Providing background:

• They argue that many investigations only provide general knowledge to the Chemical Process Industry (CPI) instead of “understanding and implementing efficiently the adequate accident corrective measures”
• One study found that “only one third of accident cases are considered to provide lesson learned on a broader basis” and that “most accident reports are not informative and beneficial enough to CPI players in terms of learning from previous accidents”
• Other research looking at the learning cycle following incidents argued that the “current cycle of learning system is not sufficient enough in preventing accident occurrence due to poor input quality, lack of analysis, poor dissemination and insufficient use of information”
• Further, it’s reasoned that the “weakest link” in the learning cycle is information dissemination, as “as majority of research on experience feedback only related to accident investigation and not much on information dissemination”
• The authors then talk about different options for organisations, like management system or engineering controls. Then they talked about Layers of Protection (LOP)
• LOP can be classified into four categories in decreasing order of reliability: inherently safer (IS), passive engineered, active engineered and procedural safety
• IS eliminates hazards, while passive engineering uses process and equipment design to minimise hazards; both are more reliable since they depend on physical and chemical properties of the system rather than “successful operation of instruments, devices, procedures and people”
• Active engineered controls, like interlocks, emergency shutdown systems etc. rely on technology to identify and respond to process deviations, whereas procedural processes rely on people
• IS and passive engineering can be considered as ‘strategic approaches’ best implemented early in the design lifecycle, whereas tactical approaches, like active engineering and procedural, tend to be implemented later in the design life

In this study, they grouped the accident factors into errors…for some reason.
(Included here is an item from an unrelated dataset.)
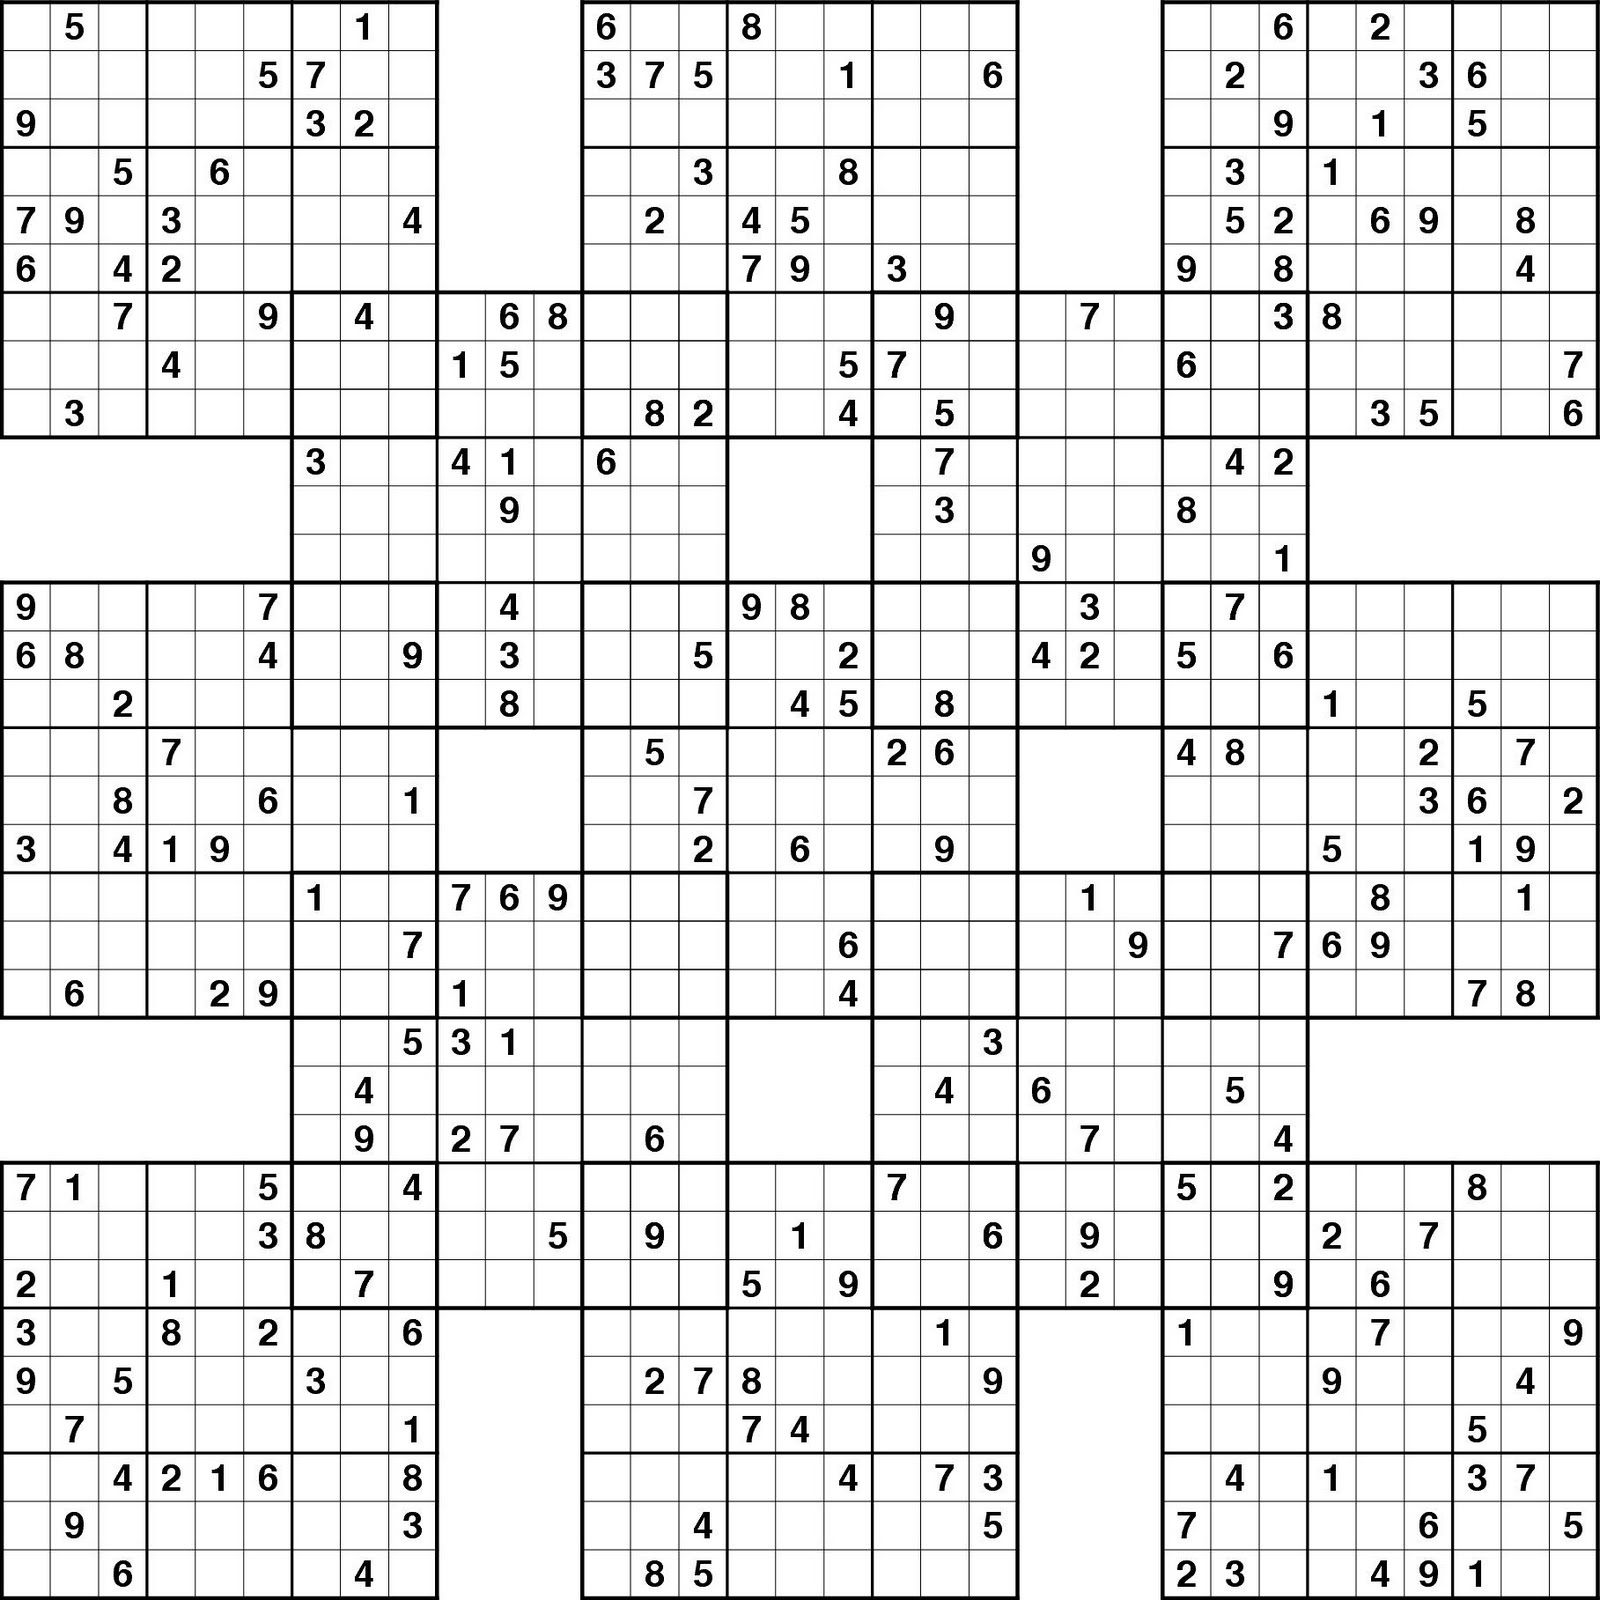 photo relating to Free Printable Samurai Sudoku Puzzles known as printable sudoku game titles

Of course, these types of categories depend on worldview, definitions etc, and are more indicative of the analysts, so I suggest you don’t take them too literally.

If you get stuck on the error term then do what I did and replace it with ‘factor’ and move on with your life.
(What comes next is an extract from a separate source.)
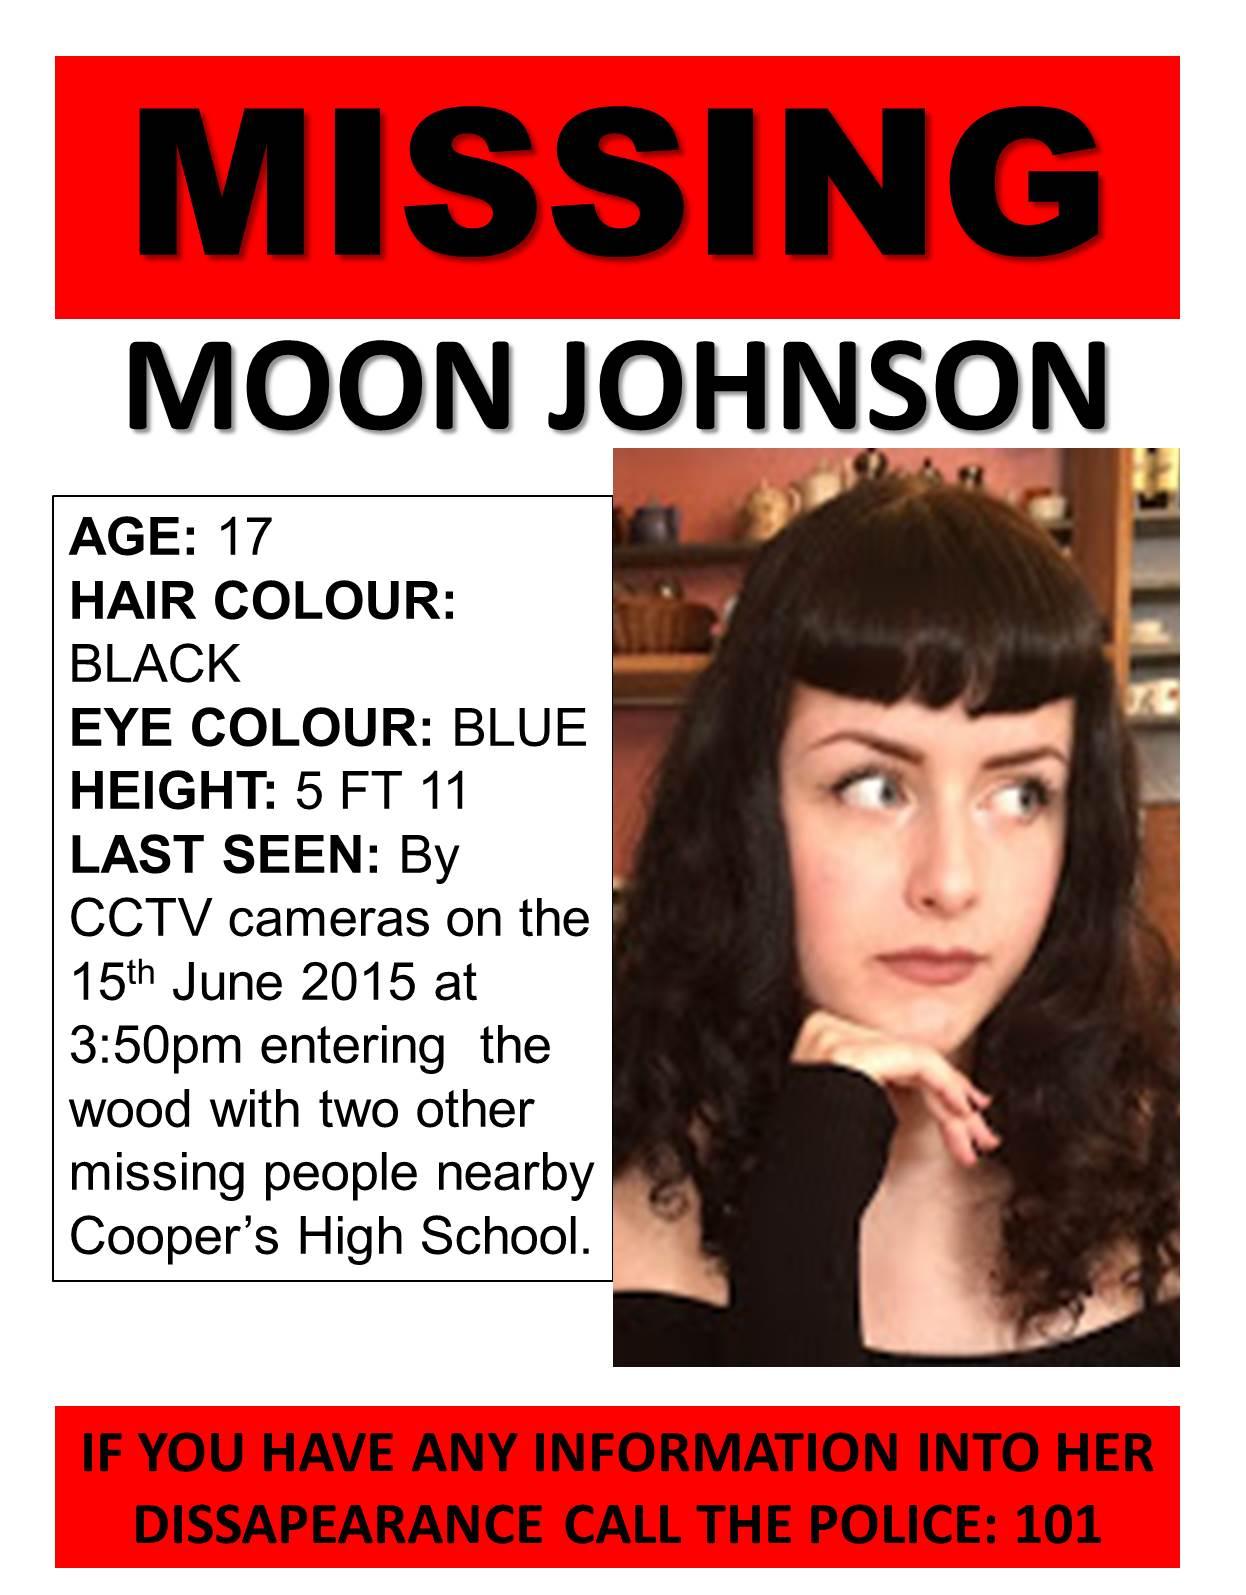 Missing poster generator

More interesting I think are the types of corrective actions employed by organisations in response to the findings.

But anyway here they are:

Results

They found:

• Organisational factors was the highest contributor at 29%
• Design was the second most frequent contributor at 26%, technical error third at 23%, and human error at 20%, and natural disaster at 2%

Human and organisational factors was reflected in things like lack of process hazard analysis and no effective planning. Design was mostly related to wrong material selection, inadequate detection and protections and inadequate HAZID during design phase.
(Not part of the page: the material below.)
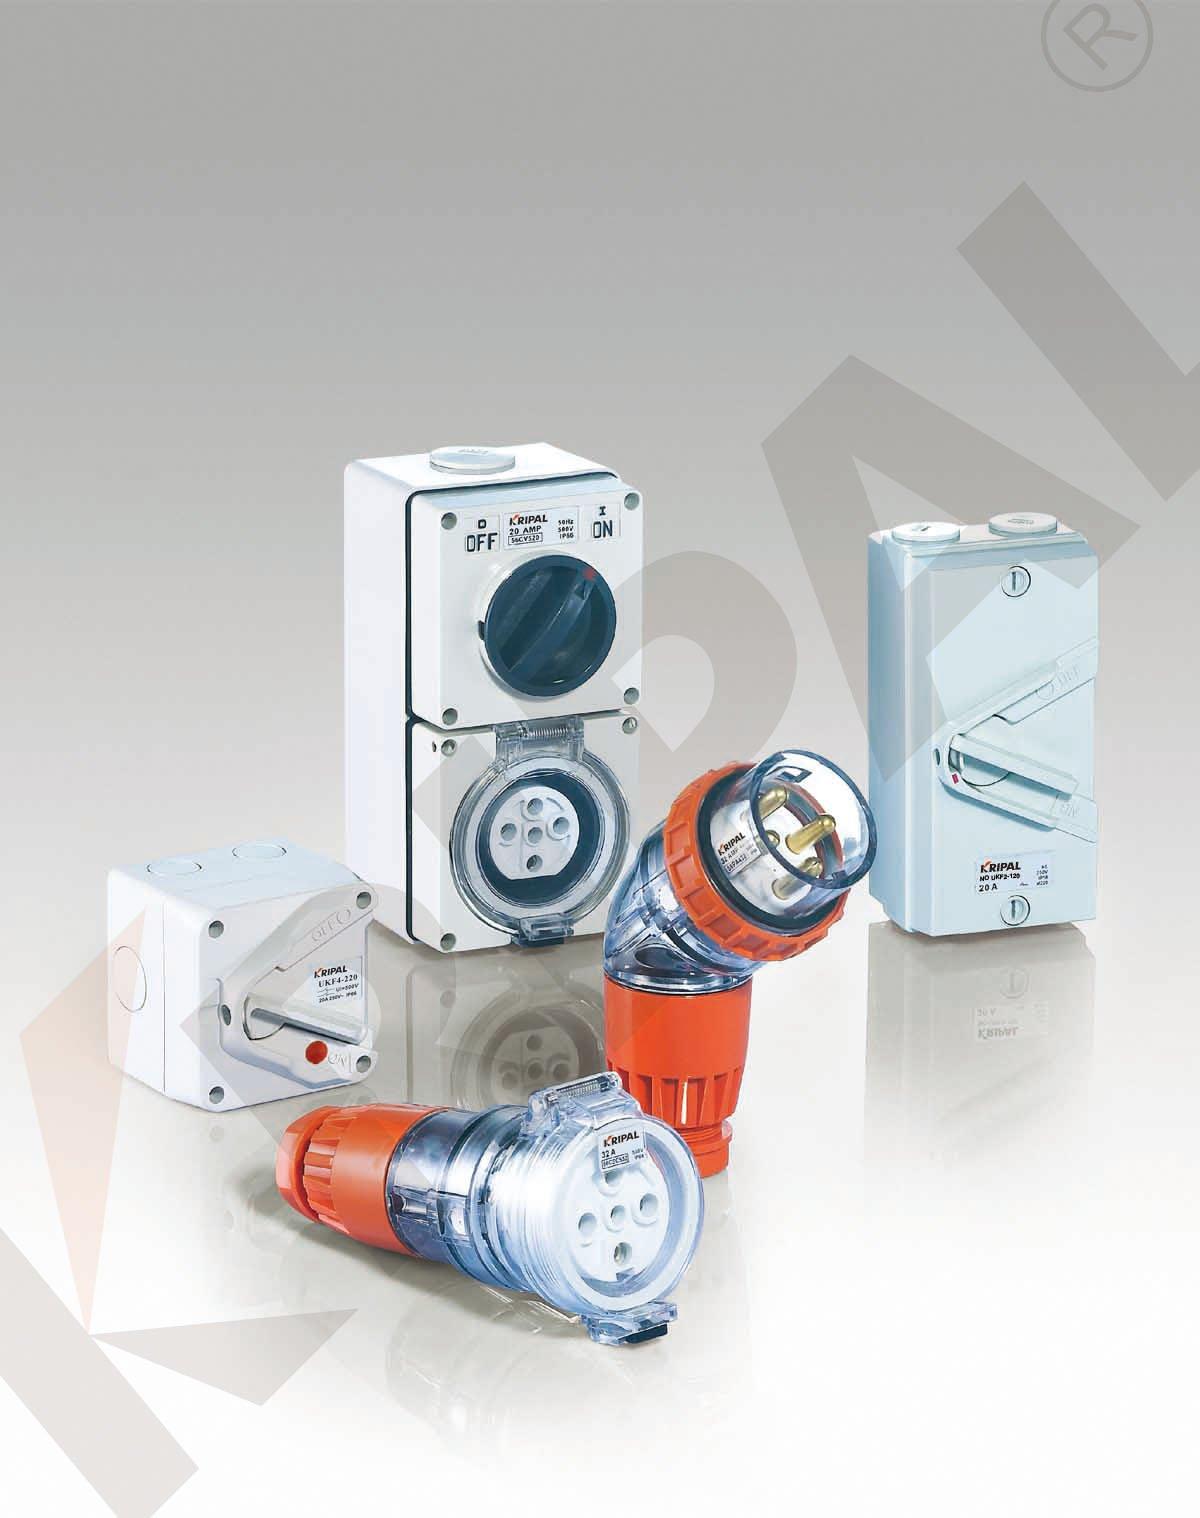 Waterproof Isolator Switch Plug Waterproof Socket Terminal

Technical errors were reflected in factors like lack of supervision [** which seems odd for a technical factor?] and poor documentation. Human performance factors were related to things like inadequate knowledge and training, miscommunication and unintended actions.

Prior data from Lees related 47% of chemical accident factors to organisational factors, 29% to technical factors, 16% to human performance, and 8% to design factors.

Newer data has related 79% of chemical accident factors to design issues, with the remaining from human and organisational factors during operation stage and external factors.

Data is summarised below:

For corrective actions – procedural actions were not surprisingly the most frequently assigned actions.

IS made up 20% of actions, 19% for active engineering, and 17% for passive engineered.

The authors highlight the mismatch between accident contributors and the hierarchy of corrective actions, such that “the contribution of design and technical errors to accident is significant i.e. 49%, however majority of the corrective action taken are based on procedural (44%) strategy”.

That is, design and technical problems should ideally be addressed with engineering rather than procedural. Not surprisingly, procedural actions were the most common response for all types of accident contributors.

Another finding based on this sample was that chemical accidents seem to “recur every 5 year interval”. Moreover, in 58 cases of accidents, 26 cases (32%) reoccur within the same company, while 32 cases (39) happen in similar operations in different companies.

They note that “Only 29% accidents are caused by unique causes”.

Finally, they report that a “Large majority of the recommendation are made without proper investigation and risk analyses. Therefore, less reliable and easy to implement corrective actions were recommended without considering design changes and engineered add-on safety measures.”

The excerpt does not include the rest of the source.